Avoid common mistakes on your manuscript.

## Introduction

Circular data is characterised by an inherent periodicity absent from measurements made on a linear scale (such as mass or length). Such data is generated by a range of common measurements across scientific disciplines. The most obvious situation involves angles, compass bearings or orientations. However, also common are measurements over time where an inherent periodicity is relevant: e.g. time of day, seasonality and point in the lunar cycle. Recent articles in *Behavioral Ecology and Sociology* (BES) have used circular statistics to explore issues as diverse as daily variation in mammalian activity (Fancourt 2016), orientation of sandhoppers with respect to the moon as part of their navigation (Ugolini 2016), search strategies of desert ants (Schultheiss et al. 2016) and the directions with respect to a threat adopted by fleeing deer (Obleser et al. 2016). In the first 6 months of 2017, BES published four papers utilising circular statistics investigating the relative positioning of individuals in an orb-weaving spider colony (Yip et al. 2017), navigation in ants (Amador-Vargas and Mueller 2017), avian navigation by the stars (Pakhomov et al. 2017) and integration of magnetic and visual navigational cues in shorebirds (Vanni et al. 2017).
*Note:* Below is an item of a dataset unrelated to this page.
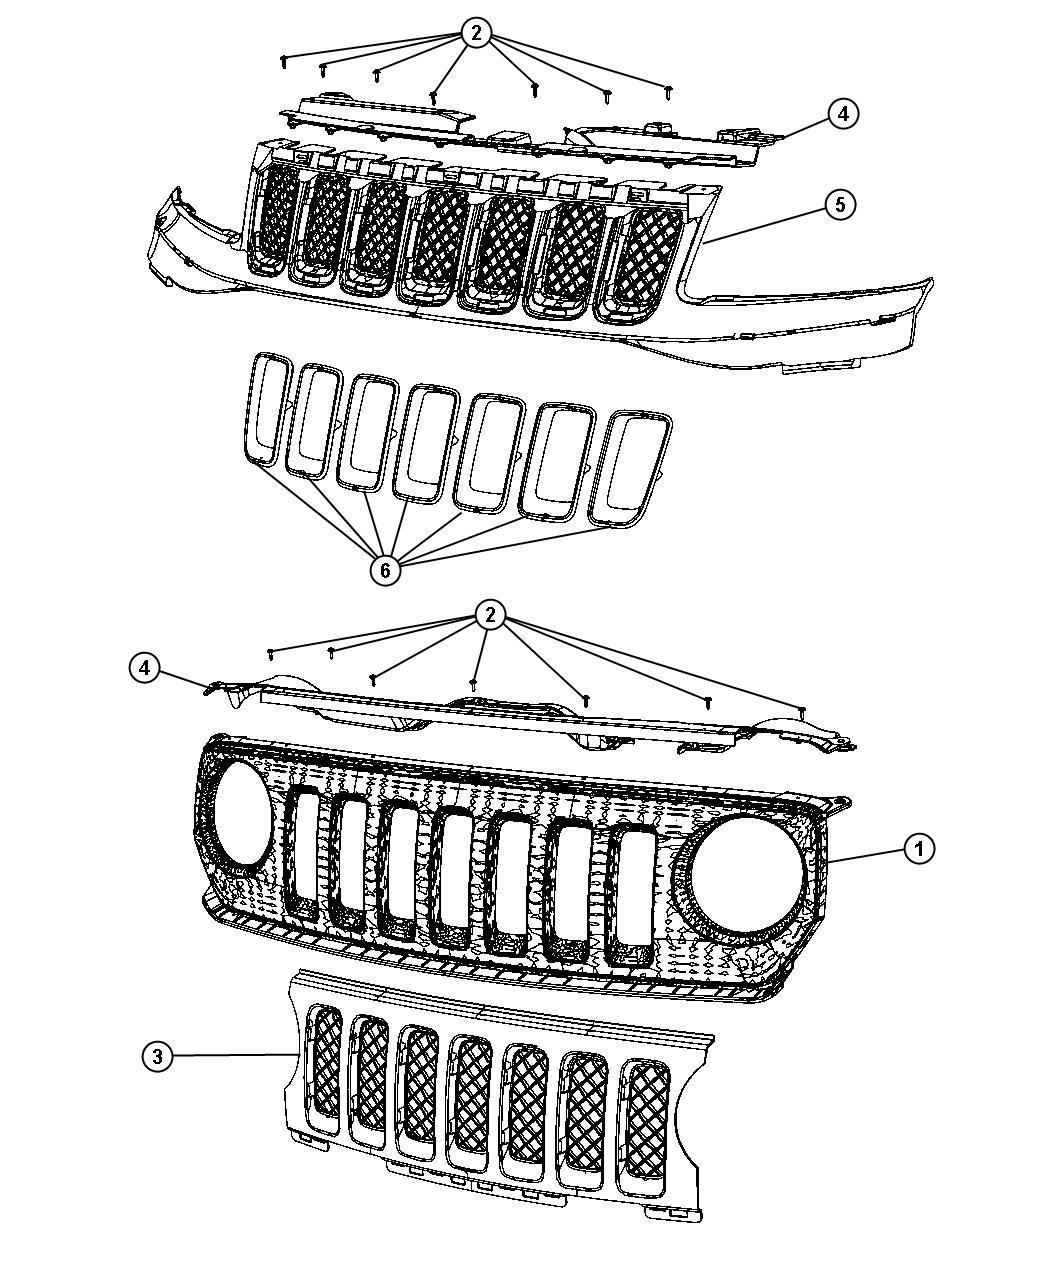 2011 Jeep Patriot Grille. Radiator. Color, body, fascias

Circular data needs special treatment in data analysis, and a range of texts has been dedicated to describing this: e.g. Batschelet 1981; Fisher 1995; Mardia and Jupp 2000; Jammalamadaka and SenGupta 2001; Pewsey et al. 2013; Ley and Verdebout 2017. The most common statistical exploration of circular data involves testing to see if there is a bias in the distribution around the circle or whether the null hypothesis that the underlying population involves a uniform spread around the circle is supported. For example, one might test whether the compass directions of the initial flights of released homing pigeons are random or show a bias. In this situation, one might expect that a bias would exist towards the direction of the home lofts of the pigeons. However, a low *p* value in a Rayleigh test would only provide support for rejection of the null hypothesis of a lack of bias leading to a uniform spread of directions around the circle. Exploration of the nature of any suggested bias might be performed by visual inspection and/or calculation of (for example) the mean direction. Provided the number of groups is at least eight, texts such as Jammalamadaka and SenGupta (2001) and Pewsey et al. (2013) recommend that summary statistics (and confidence intervals) be calculated making the assumption that each data point in a group takes the value of the midpoint of the relevant segment of the circle (see Pewsey et al. 2013 for details). For very course grouping into fewer than eight segments, Pewsey et al. (2013) present an alternate approach by Mardia (1972).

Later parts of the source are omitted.